IMHO: It is not critical - because I have a Golang script … but for the future it can be an interesting use case for Julia ( and can be a good benchmark ! )

1 Like

See for example this test dataset. I do have pretty big files but most are confidential.

2 Likes

Maybe out of topic but has anyone tried to port simdjson to Julia?

I think that it might be better to have this work exactly to the spec for JSON Lines. This would be more in the spirit of a typical Julia package – it does exactly what the name implies.

IMHO If people need to read JSON files that are similar to, but not the same as, JSON Lines, then they can hack it together using your package and other JSON readers. Perhaps if you have unexported functions that might help in these regards you can document them.

2 Likes

Makes sense. I guess I can internally expose the character expected before \n so that it can be changed by others.

1 Like

Thank you for taking the time to put that together. I’ll try it out.

I tried running this code with a slight modification but it does not seem to work as a DataFrames input.
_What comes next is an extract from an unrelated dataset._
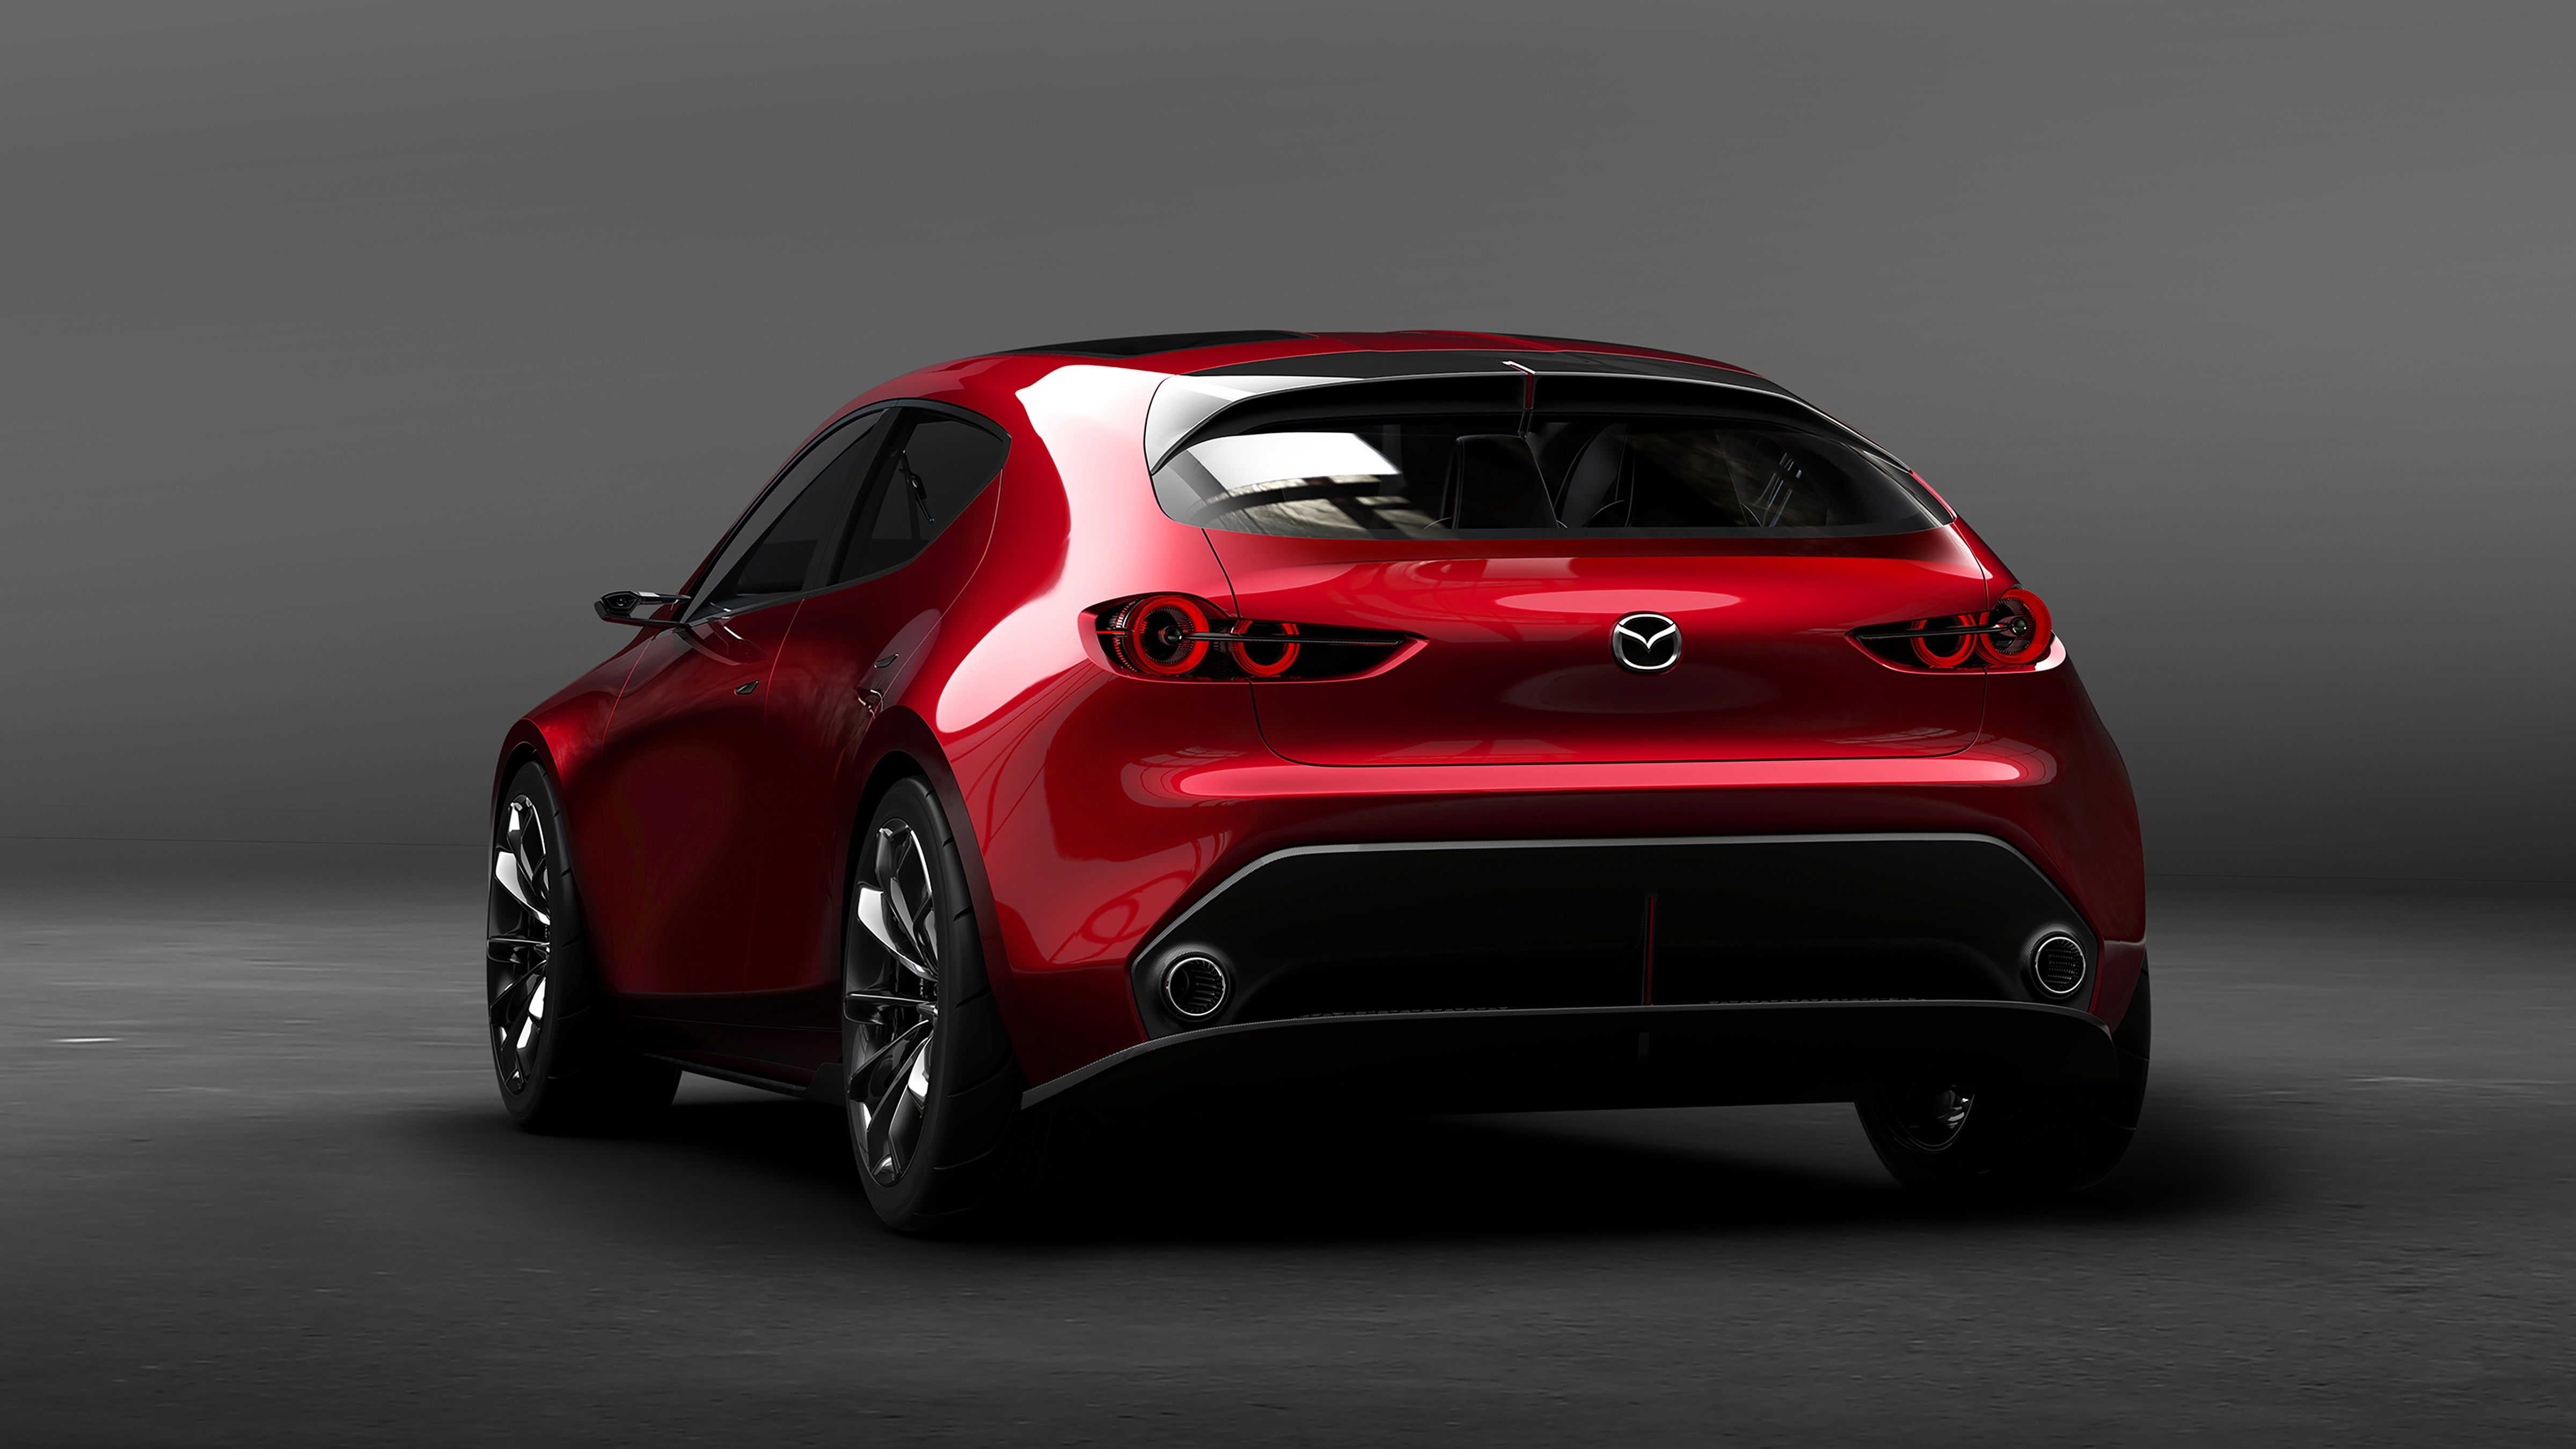 Mazda KAI Concept design, powertrain, and featrures.

Using the file you provided as test input:

using JSON3: JSON3, StructType, Mutable
using DataFrames
mutable struct Node
    nodeID::String
    nodeUserID::String
    parentID::String
    nodeTime::String
    informationID::String
    Node() = new()
end
StructType(::Type{Node}) = Mutable()
lns = readlines("test.jsonl")
data = [JSON3.read(ln, Node) for ln in lns]
DataFrame(data)
julia> data = [JSON3.read(ln, Node) for ln in lns]
5001-element Array{Node,1}:
 Node(#undef, #undef, #undef, #undef, #undef)
 Node("phkmqmzpbv", "ufmgvgoure", "sgdibnesgi", "2019-03-05 13:10:51", "tyaekgxmsr")
 Node("ugtkjodxer", "fhffxqbsoa", #undef, "2019-03-04 14:09:58", "bolwagblhx")
 Node("alwwtfyunw", "qccqocykfm", "orjhhcvomh", "2019-03-05 01:37:58", "cagyezgppo")
 ⋮
 Node("zuwjjgexbl", "opmkvyipxm", "sxavzrxldl", "2019-03-04 19:09:19", "tswwdiktno")
 Node("ubaomyspwd", "jdoescksnv", #undef, "2019-03-05 15:18:43", "dbermznthm")
 Node("optbrwcfli", "trrheeevlx", "ooxfkaspca", "2019-03-04 21:51:06", "vhdzurjxro")
 Node("mlcxmfplei", "ojshhztncj", "ygotmuetnj", "2019-03-04 18:14:03", "rukafhqowm")

julia> DataFrame(data)
ERROR: UndefRefError: access to undefined reference

Any idea what I am doing wrong? (the modification is Status = new() => Node = new() otherwise I get a Node is not callable error)
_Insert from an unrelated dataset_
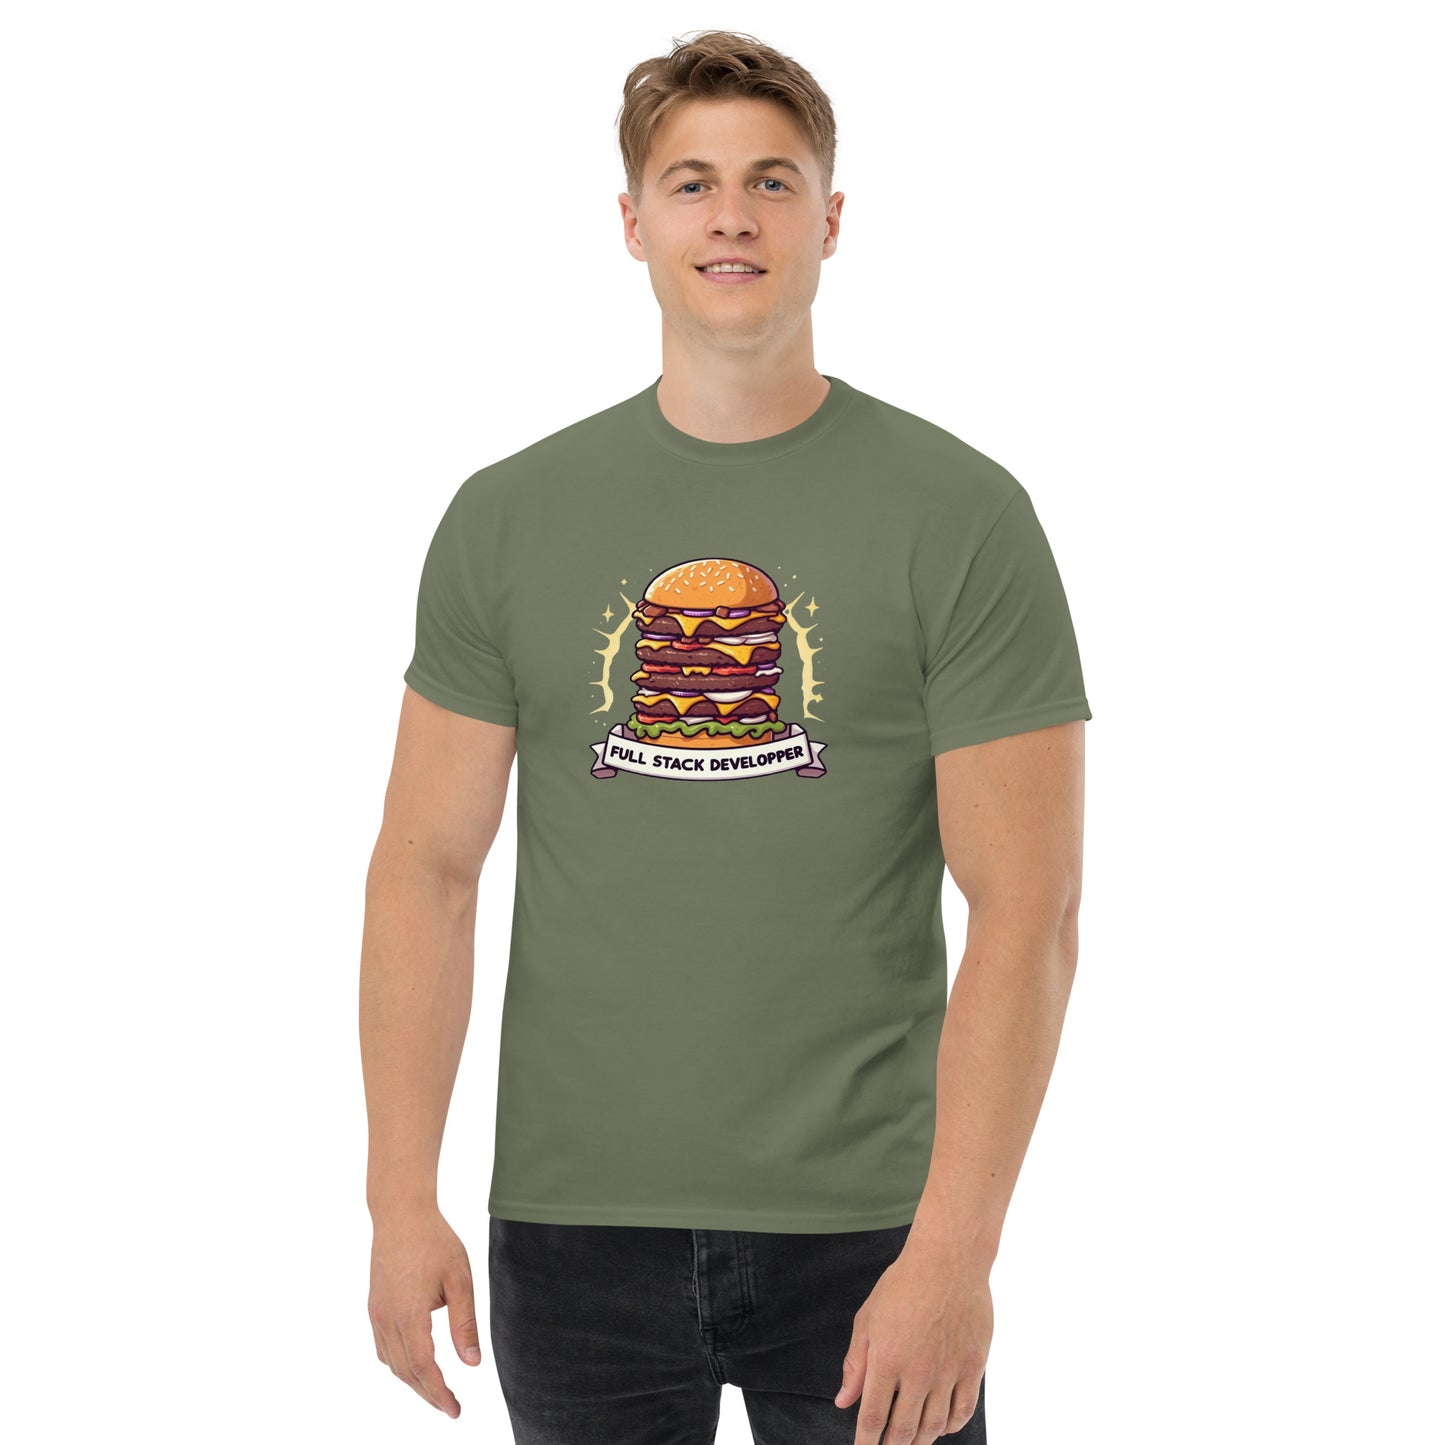 .Burgers Full Stacker tee - Dark

EDIT: The problem are the #undef values. I can create e.g. a Tables.columntable out of rows 2 and 4
EDIT2: The following redefinition does work as a Tables.jl input as it avoids undef in construction

using StructTypes
mutable struct Node
    nodeID::Union{String, Missing}
    nodeUserID::Union{String, Missing}
    parentID::Union{String, Missing}
    nodeTime::Union{String, Missing}
    informationID::Union{String, Missing}
    Node() = new(missing, missing, missing, missing, missing)
end
StructTypes.StructType(::Type{Node}) = StructTypes.Mutable()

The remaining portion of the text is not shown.